IAMSyntheticParagraphsDataset.__getitem__??

In [None]:
import wandb  # for the convenient method to visualize Tensors as images

from text_recognizer.data import IAMSyntheticParagraphs

iam_synthetic_paragraphs = IAMSyntheticParagraphs()

iam_synthetic_paragraphs.prepare_data()
iam_synthetic_paragraphs.setup()


wandb.Image(iam_synthetic_paragraphs.data_train[0][0]).image

This additional synthetic data doesn't quite look like
the real data we expect to see in production,
nor is it entirely different from the data we already collected,
but it's sufficient to help our model learn better.

# FSDL Handwriting Dataset: From images to an annotated dataset

Above, we relied on an existing dataset,
already cleanly organized into images
and associated annotation files.

But data does not come to us like this.

Model inputs are generally collected or measured from the world somehow,
and annotations are often collected from humans.

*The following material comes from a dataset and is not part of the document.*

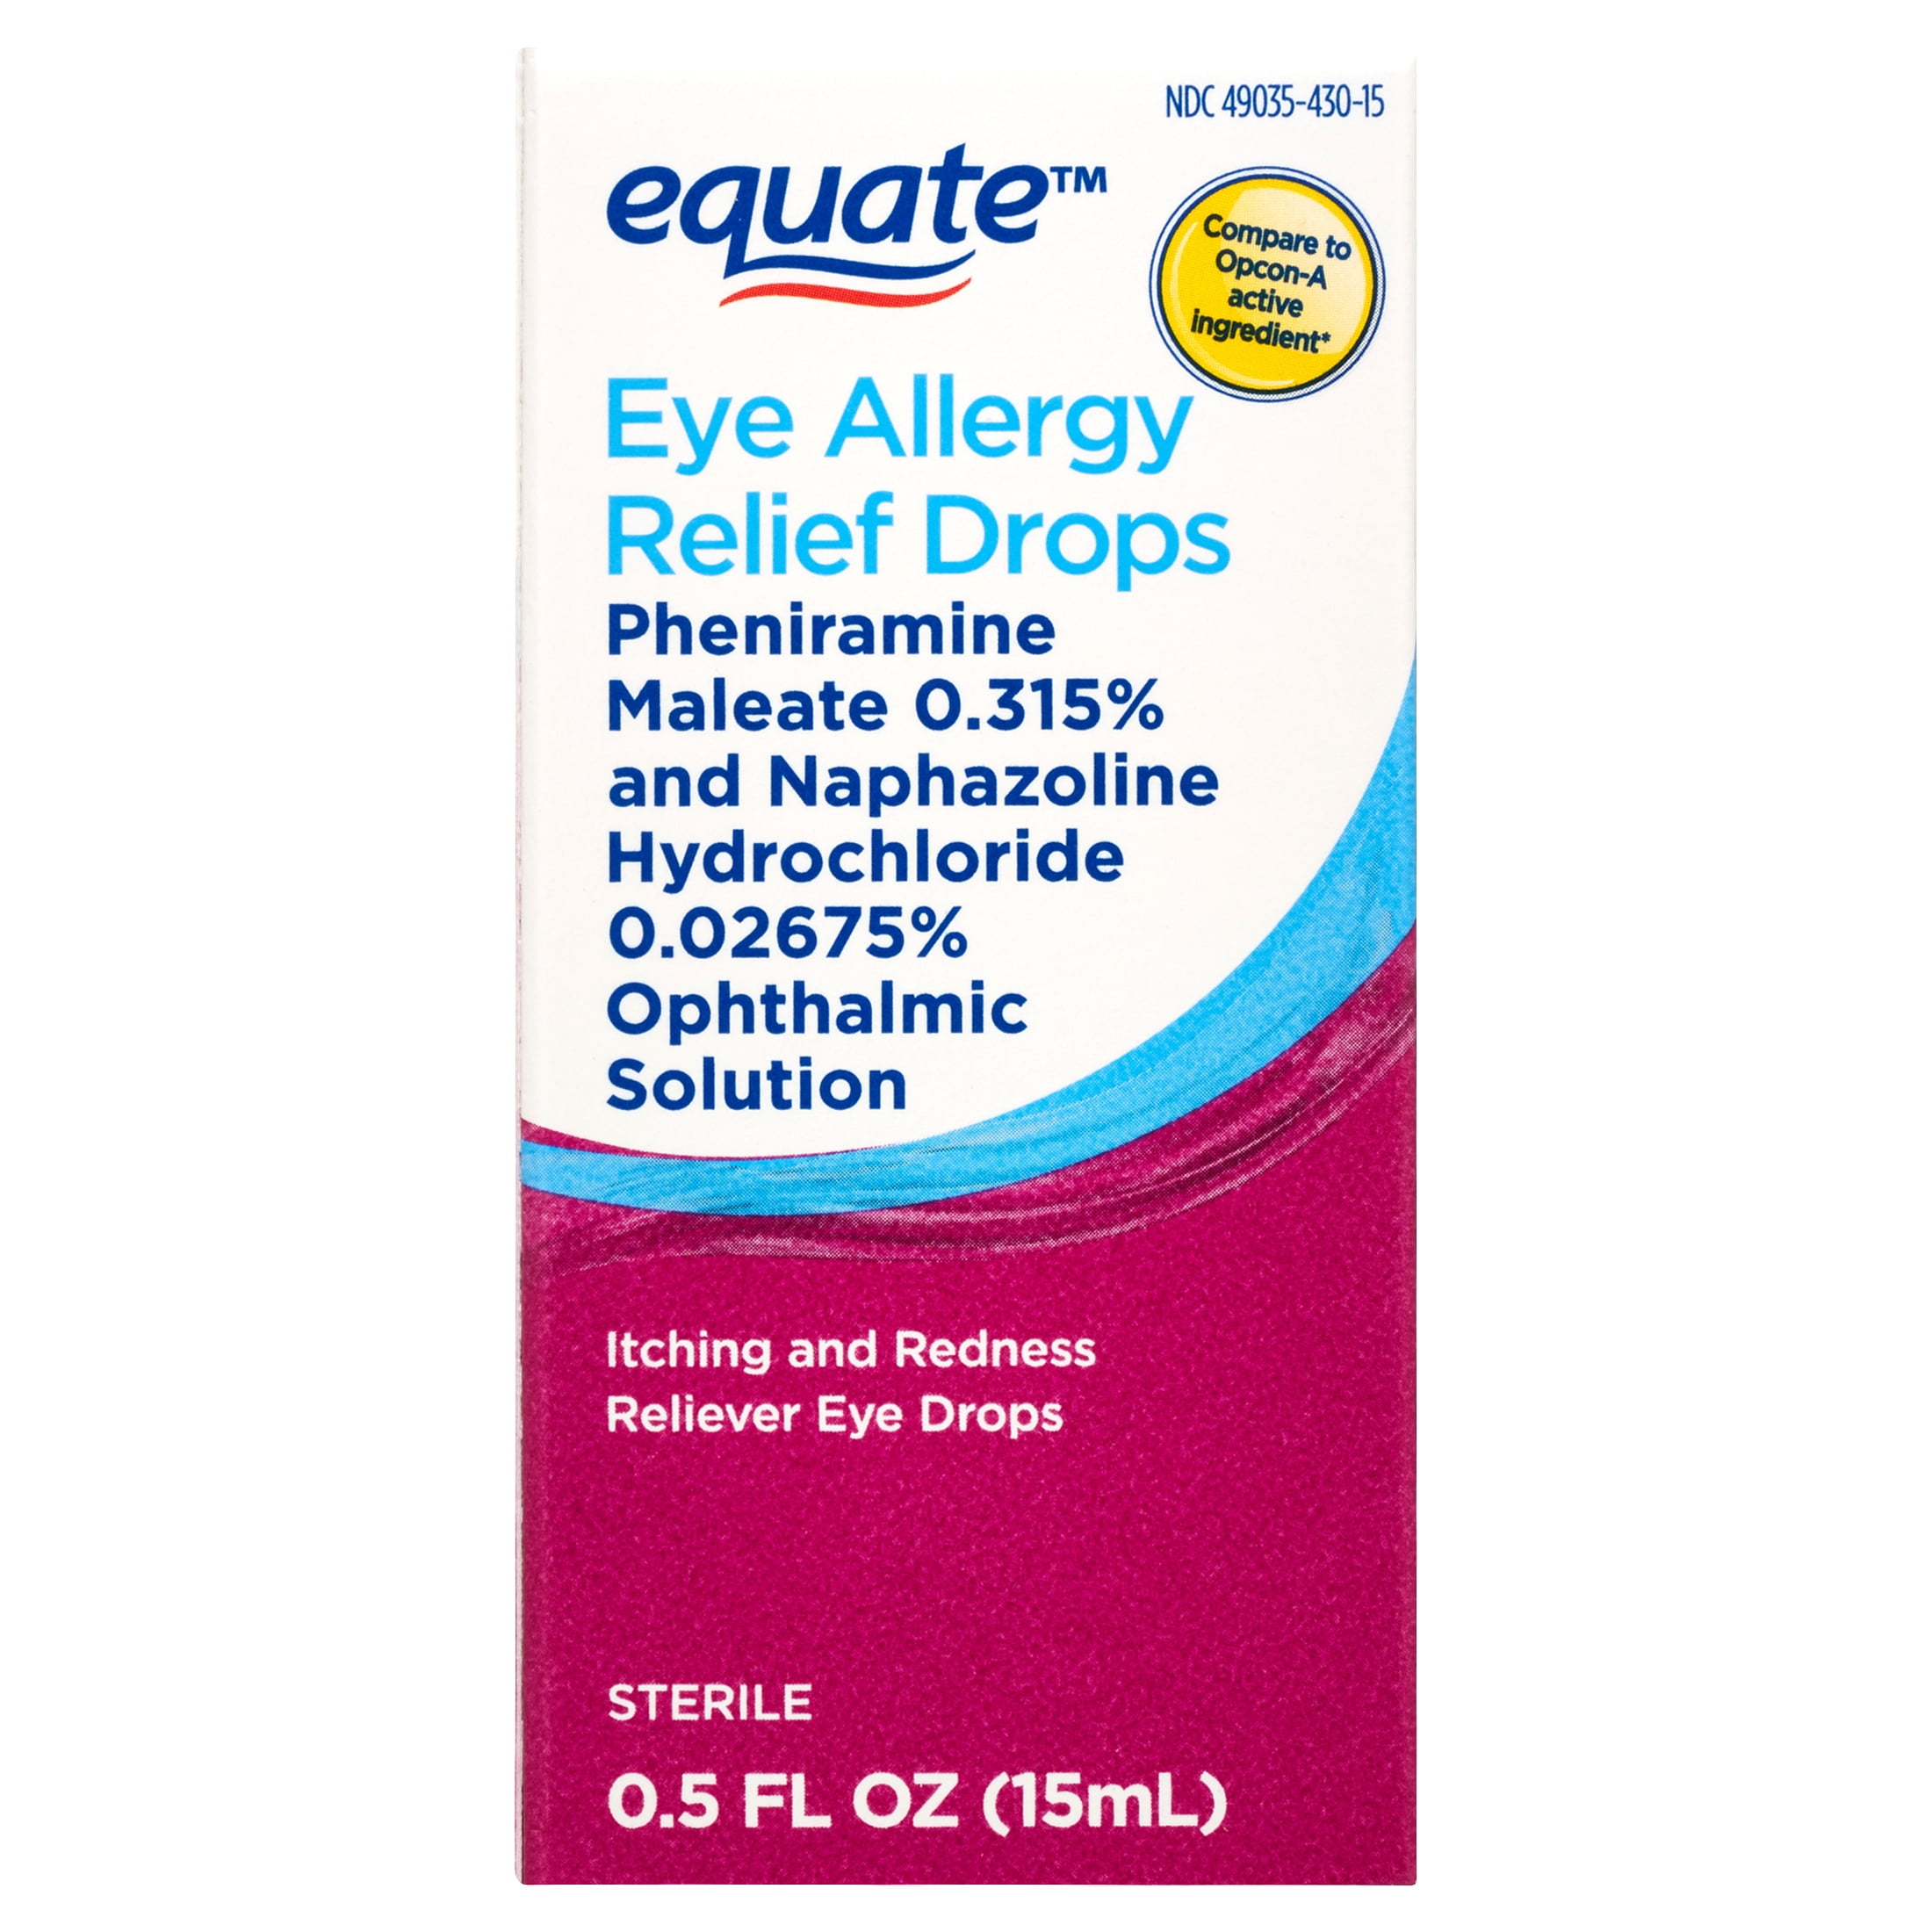 Equate Eye Allergy Relief Antihistamine and Redness Reliever Eye Drops

Let's now walk through how that's done.

We'll use a dataset of text prompts
and handwritten responses collected during the 2019 edition of FSDL.

## Handling Data with AWS S3

We begin a few steps after the beginning:
data has been collected from humans who were tasked with
writing out text prompts by hand on paper forms,
and those forms were scanned and digitized.

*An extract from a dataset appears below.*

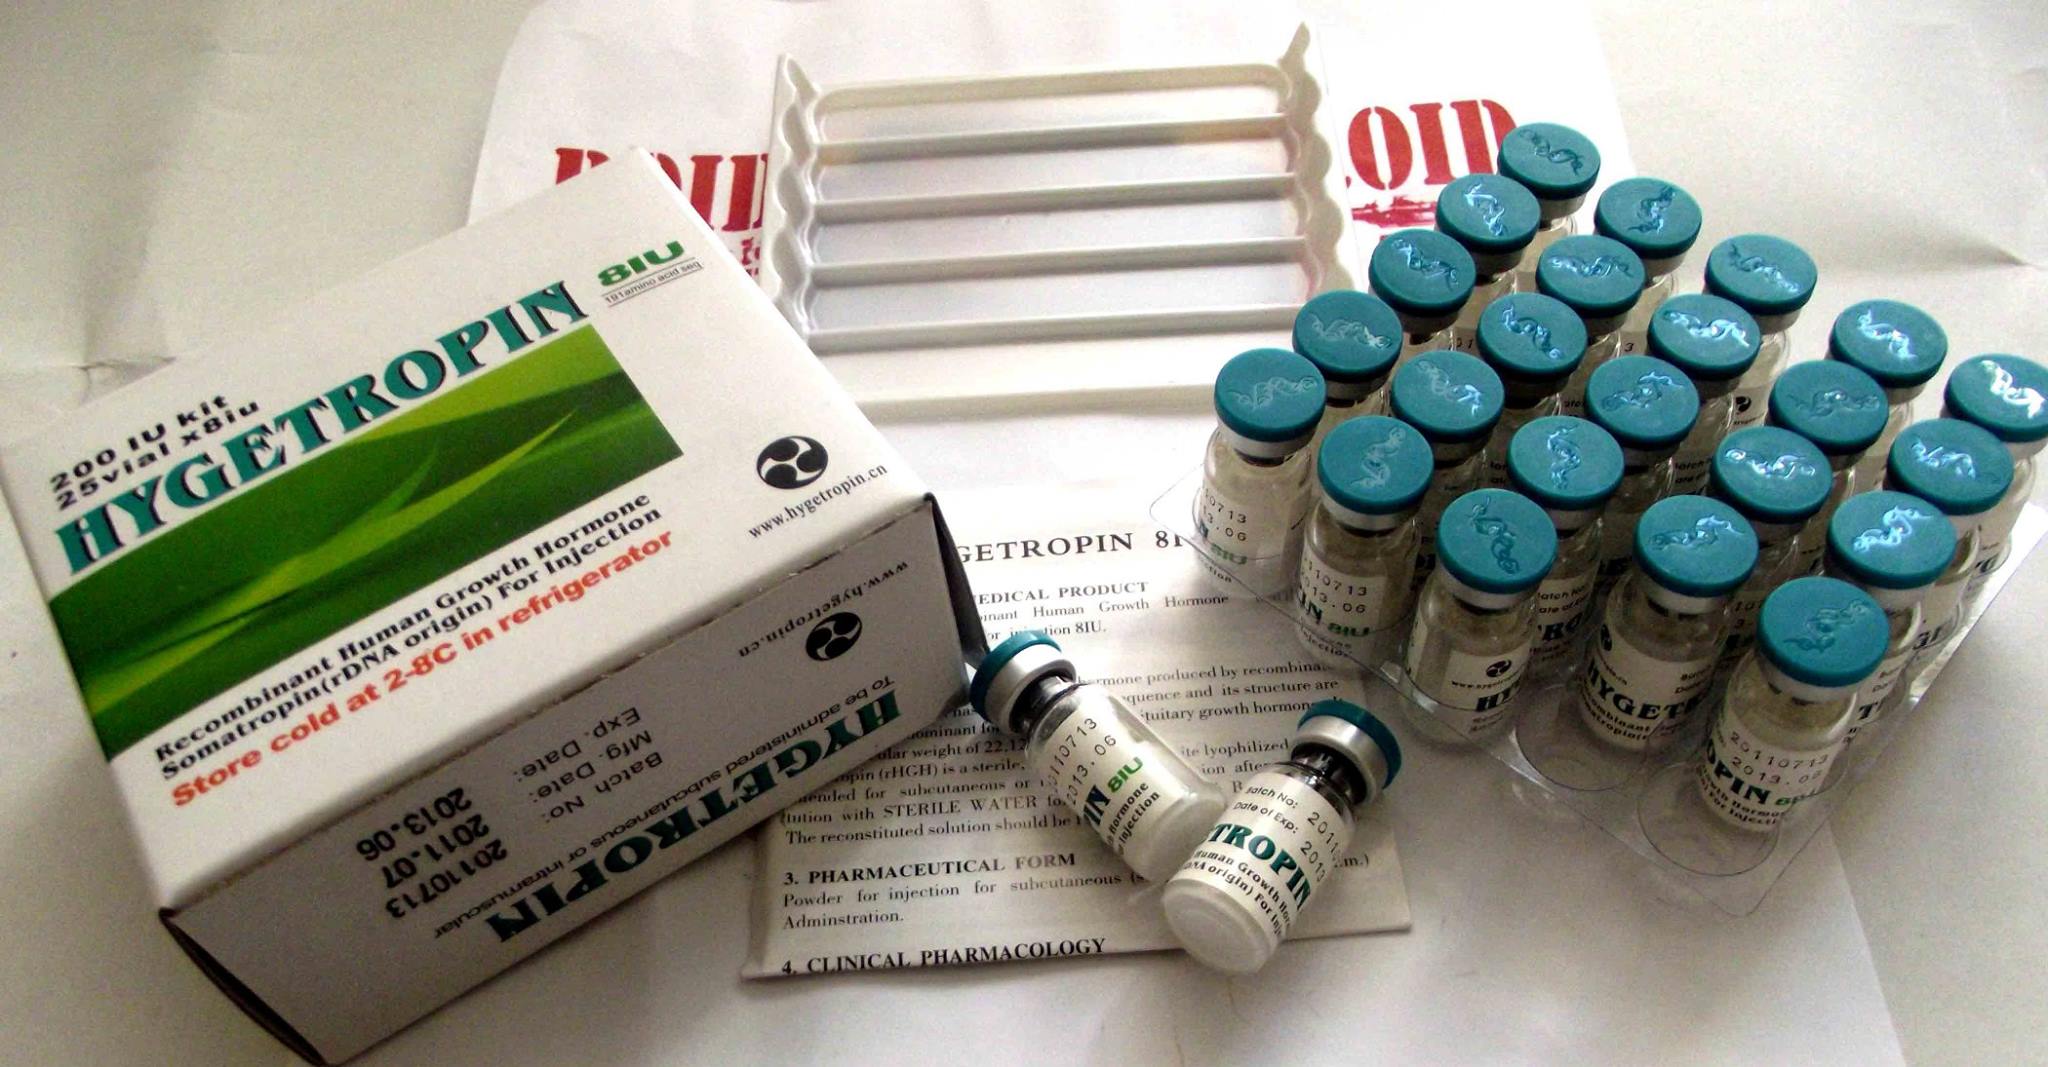 The Truth About Steroid Delivery: Injections And Pills

The digitized forms were placed in storage on Amazon Web Services'
Simple Storage Service, aka S3,
which is a form of
[object storage](https://en.wikipedia.org/wiki/Object_storage).

Objects are placed into _buckets_.
Buckets are, under the hood, totally flat,
unlike the tree-structured storage we have in filesystems.
Buckets cannot contain buckets, only objects.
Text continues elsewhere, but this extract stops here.